Lock assembly (101, 1, 201, 301) according to any of claims 7-10, wherein the biasing element (105, 205, 305, 362, 5) comprises magnetic material.
Lock assembly (101, 1, 201, 301) according to any one of the preceding claims, wherein the biasing element (105, 205, 305, 362, 5) is a spring.
Lock assembly (101, 1, 201, 301) according to claim 7, wherein the housing (202, 2) comprises magnetic material and wherein the second magnet (6) is provided on or in the latch (104, 204, 304, 4) in a position in which the magnetic material of the housing (202, 2) is within the second magnetic field (M2) when the latch (104, 204, 304, 4) is in the retracted position, preferably wherein the latch (104, 204, 304, 4) comprises a latch head (241, 41) facing in the extension direction and a latch head (241, 41) facing in the extension direction and a latch tail (142, 242, 42) facing in the retraction direction, wherein the second magnet (6) is provided on or in the latch tail (142, 242, 42).
Lock assembly (101, 1, 201, 301) according to any one of claim 1-6, wherein the retaining element (206, 306, 5) comprises a blocking element (361) that is arranged to engage the latch (104, 204, 304, 4) and/or to mechanically exert the retaining force on the latch (104, 204, 304, 4), preferably wherein the blocking element (361) is a blocking pin, wherein the latch (104, 204, 304, 4) is provided with a groove (346) for receiving the blocking pin, preferably wherein the blocking element (361) is biased to move to a blocking position in which blocking element (361) engages the latch (104, 204, 304, 4).
Lock assembly (101, 1, 201, 301) according to any one of the preceding claims, wherein the lock assembly (101, 1, 201, 301) further comprises a follower (21, 221, 321) that is arranged to retract the latch (104, 204, 304, 4) towards and/or into the retracted position.

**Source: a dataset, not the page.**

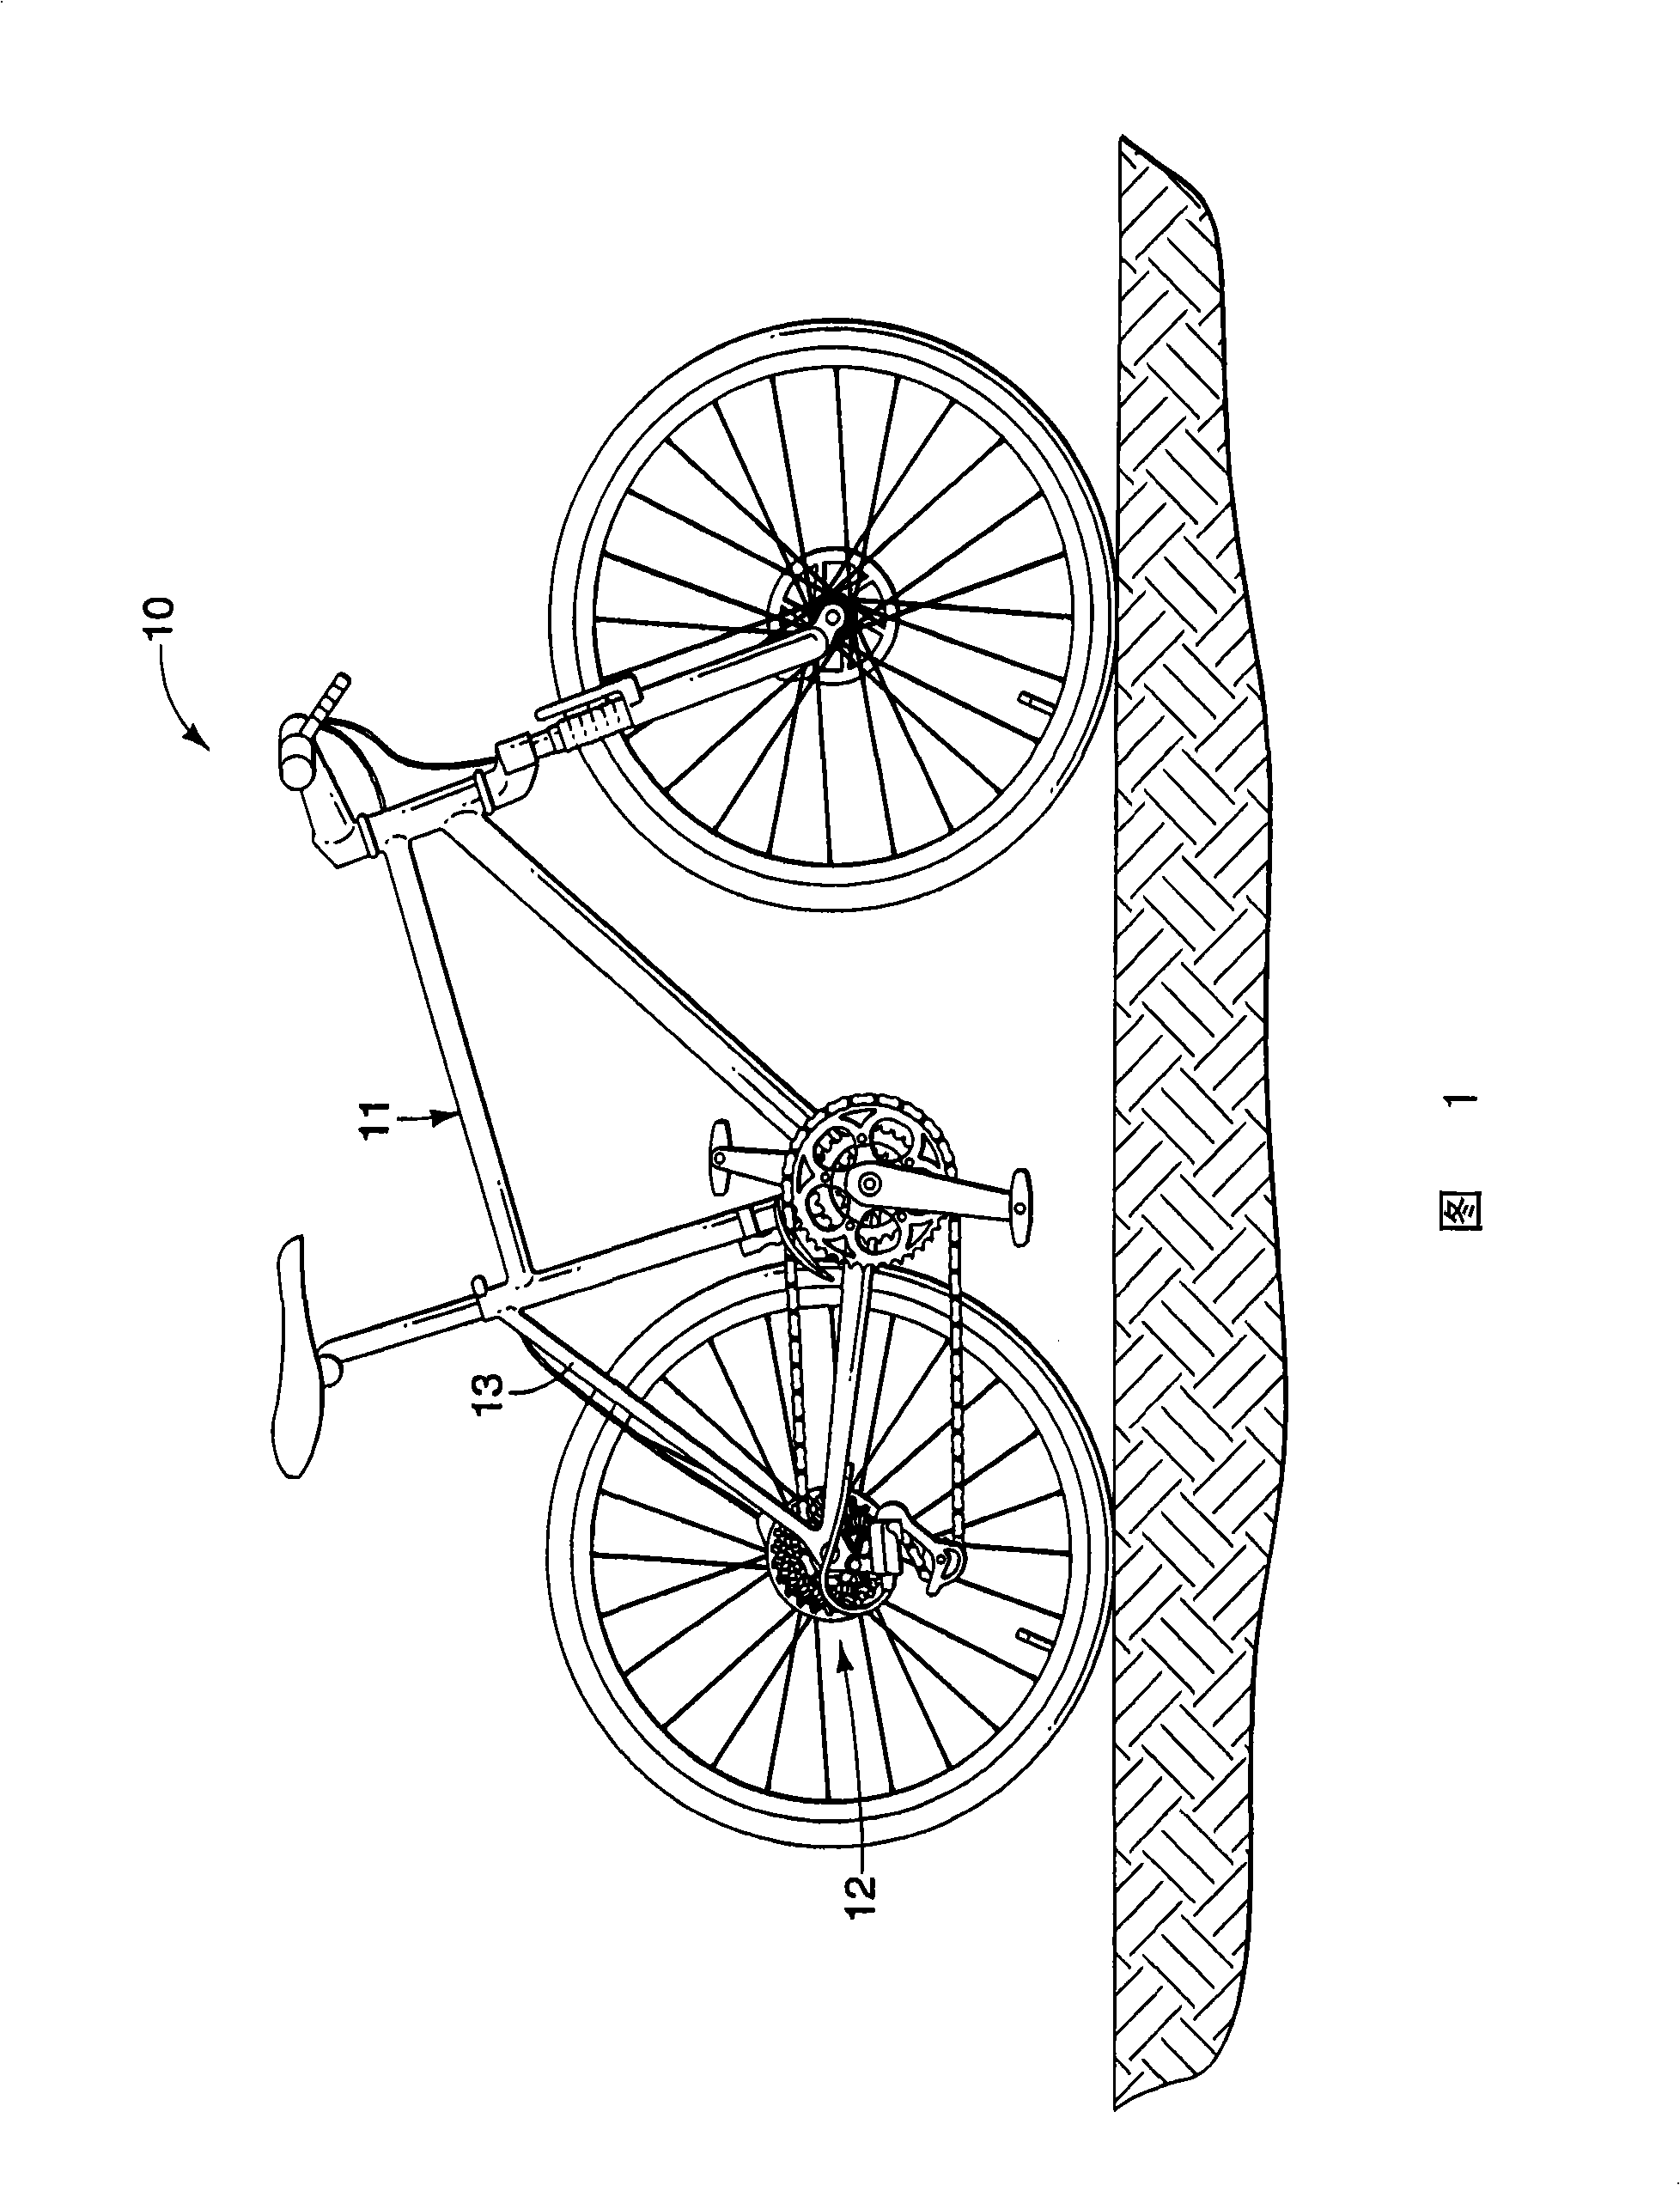 Bicycle wheel securing structure

Lock assembly (101, 1, 201, 301) according to any one of the preceding claims, for use with a latch (104, 204, 304, 4) receptacle or a latch (104, 204, 304, 4) receptacle consisting of or comprising a magnetic material.
Set comprising the lock assembly (101, 1, 201, 301) according to any one of the preceding claims and a latch (104, 204, 304, 4) receptacle that is arranged to be mounted in the door frame opposite to the lock assembly (101, 1, 201, 301), wherein the latch (104, 204, 304, 4) receptacle consists of or comprises a magnetic material towards which the first magnet (207, 307, 7), in use, is attracted to move from the first position to the second position.